• **INFORMATION SUPPLIED**
>>

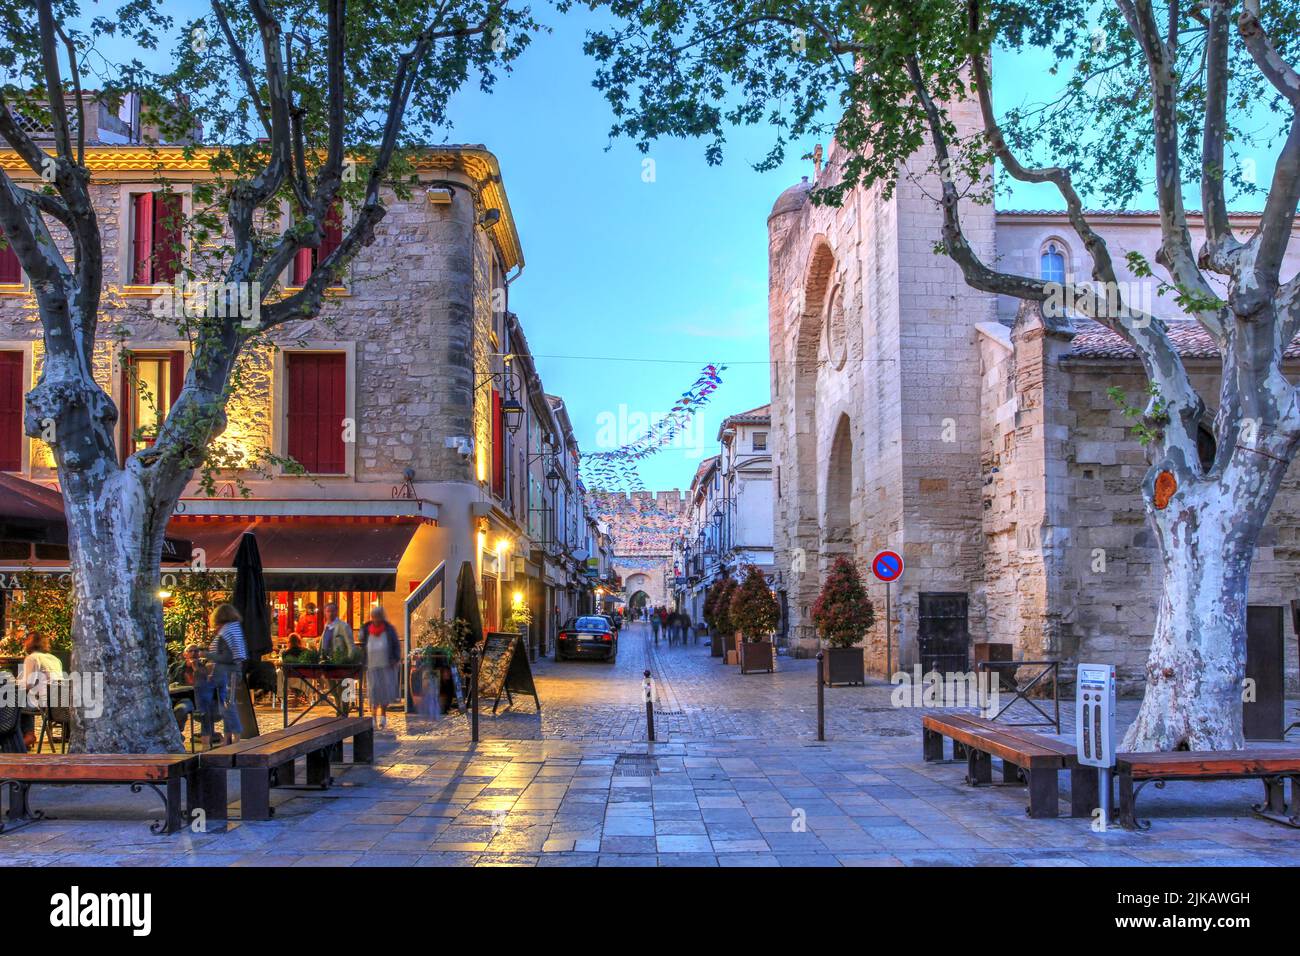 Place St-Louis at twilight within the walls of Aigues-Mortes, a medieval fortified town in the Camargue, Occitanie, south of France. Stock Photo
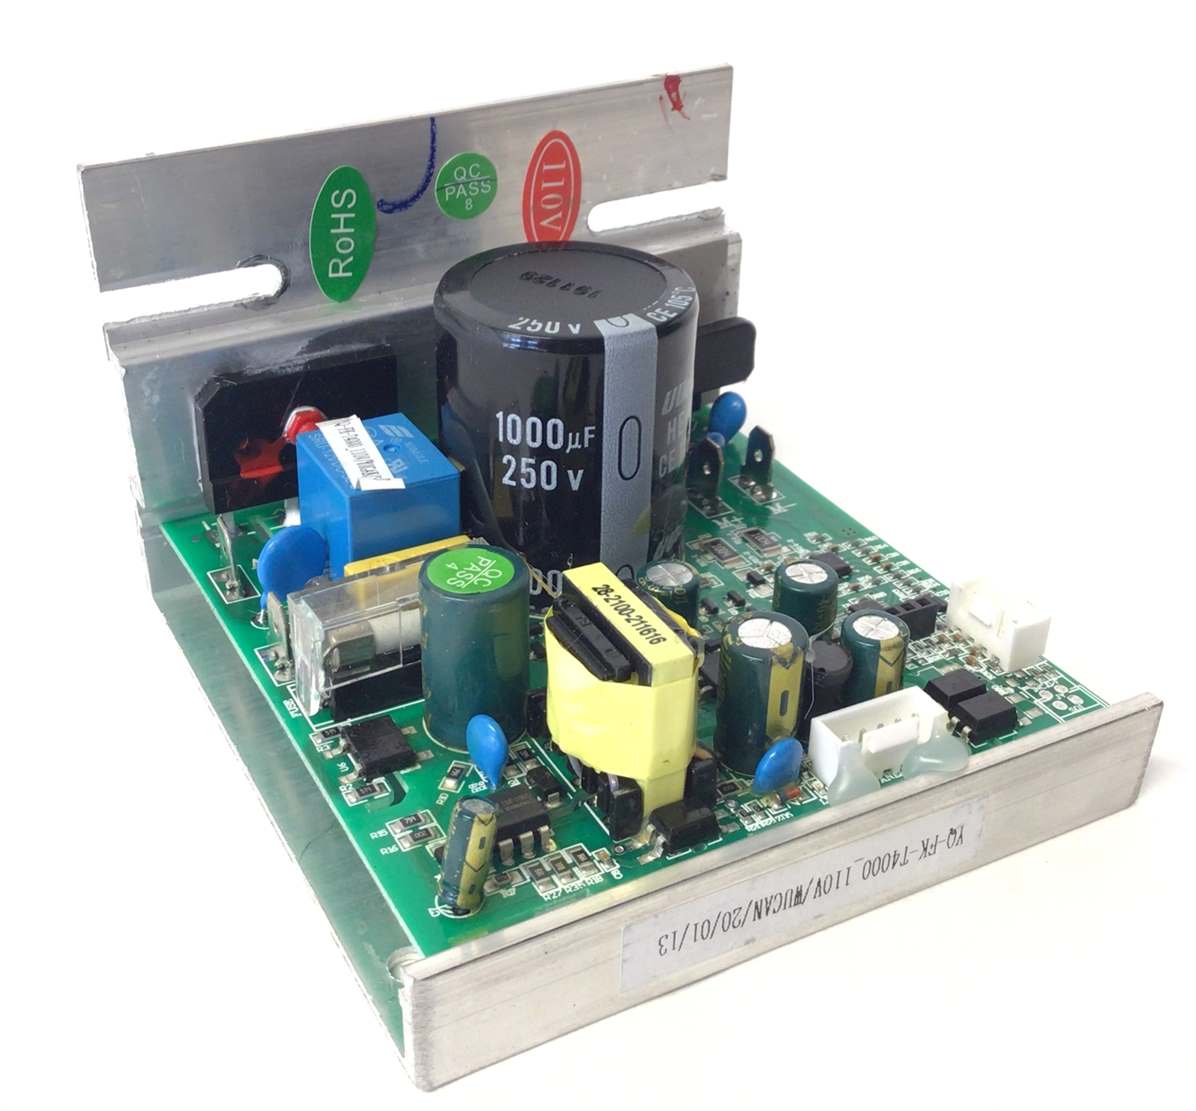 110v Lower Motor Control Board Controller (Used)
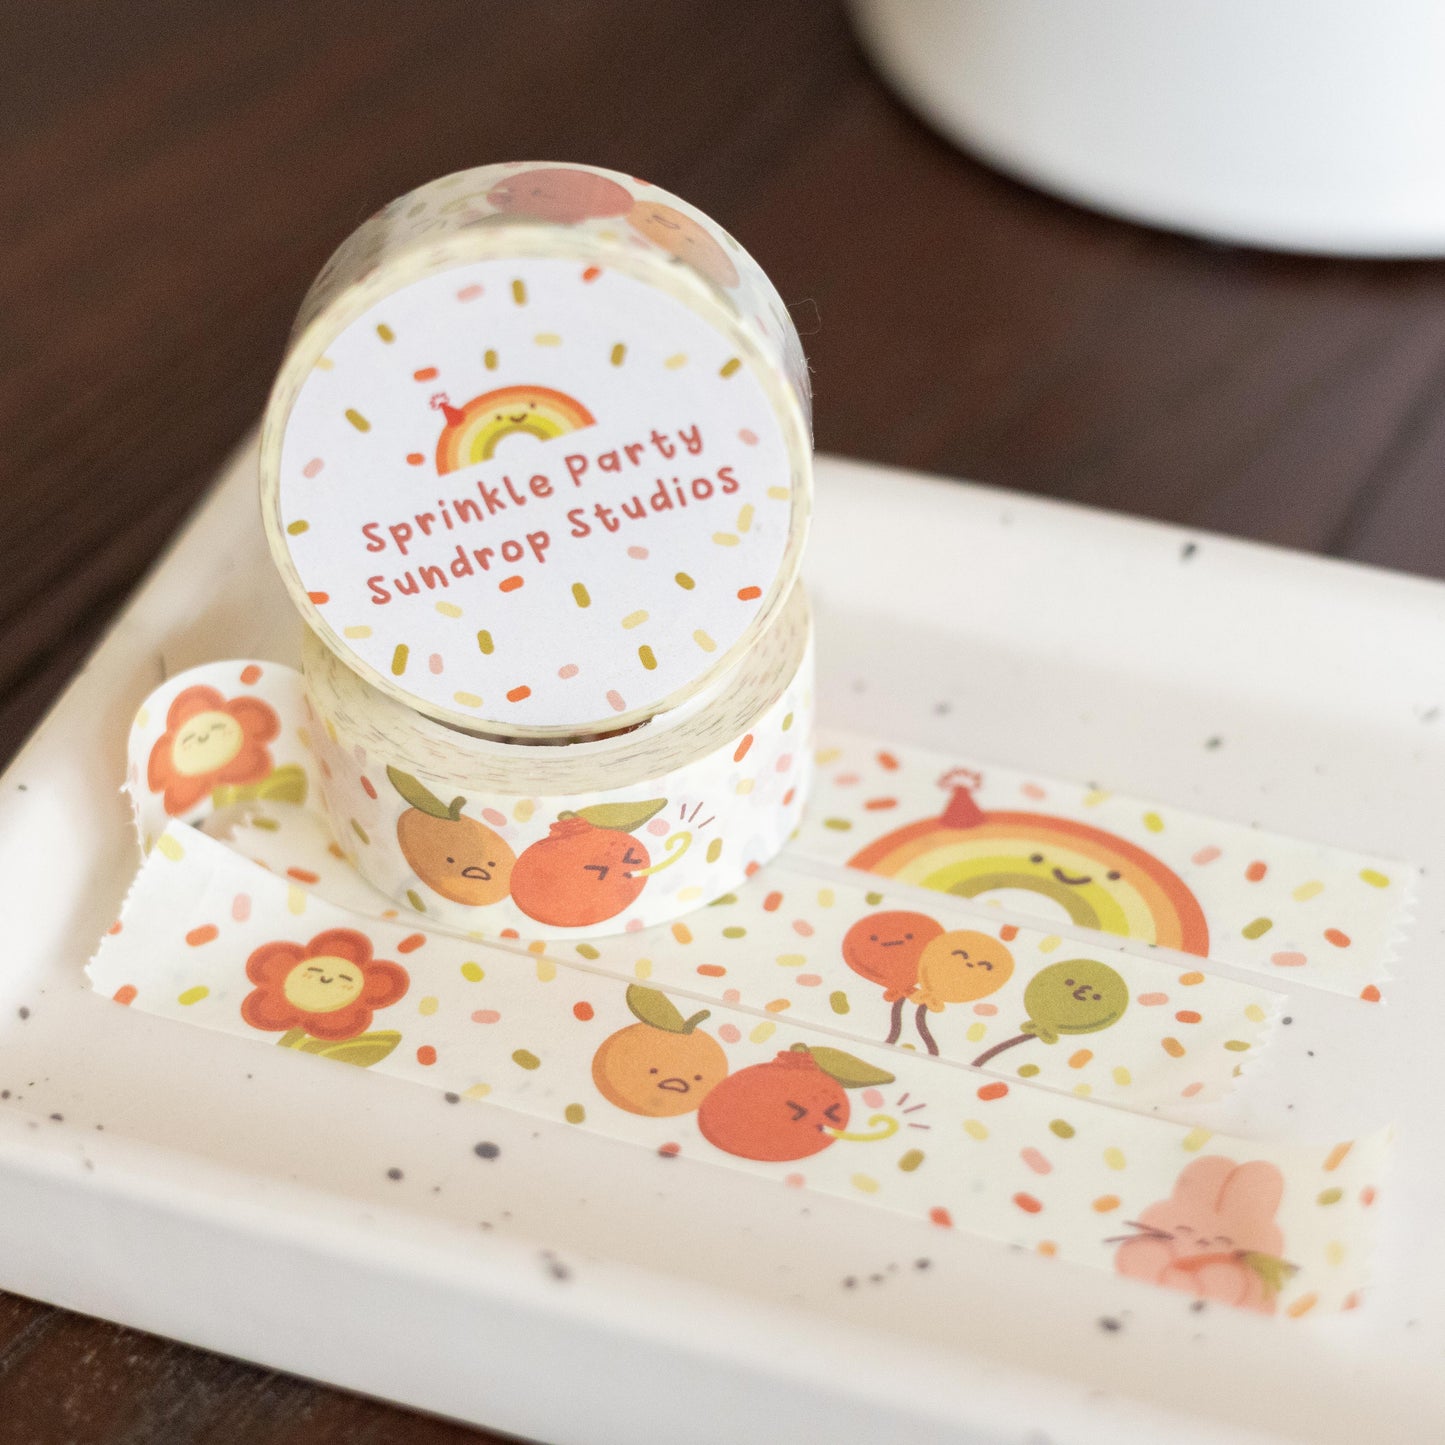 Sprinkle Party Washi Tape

<<

• **ACTIVITY**
Reproduce the material word for word, minus the images.

• **TASK ANSWER**
 Place St-Louis at twilight within the walls of Aigues-Mortes, a medieval fortified town in the Camargue, Occitanie, south of France. Stock Photo
 110v Lower Motor Control Board Controller (Used)
 Sprinkle Party Washi Tape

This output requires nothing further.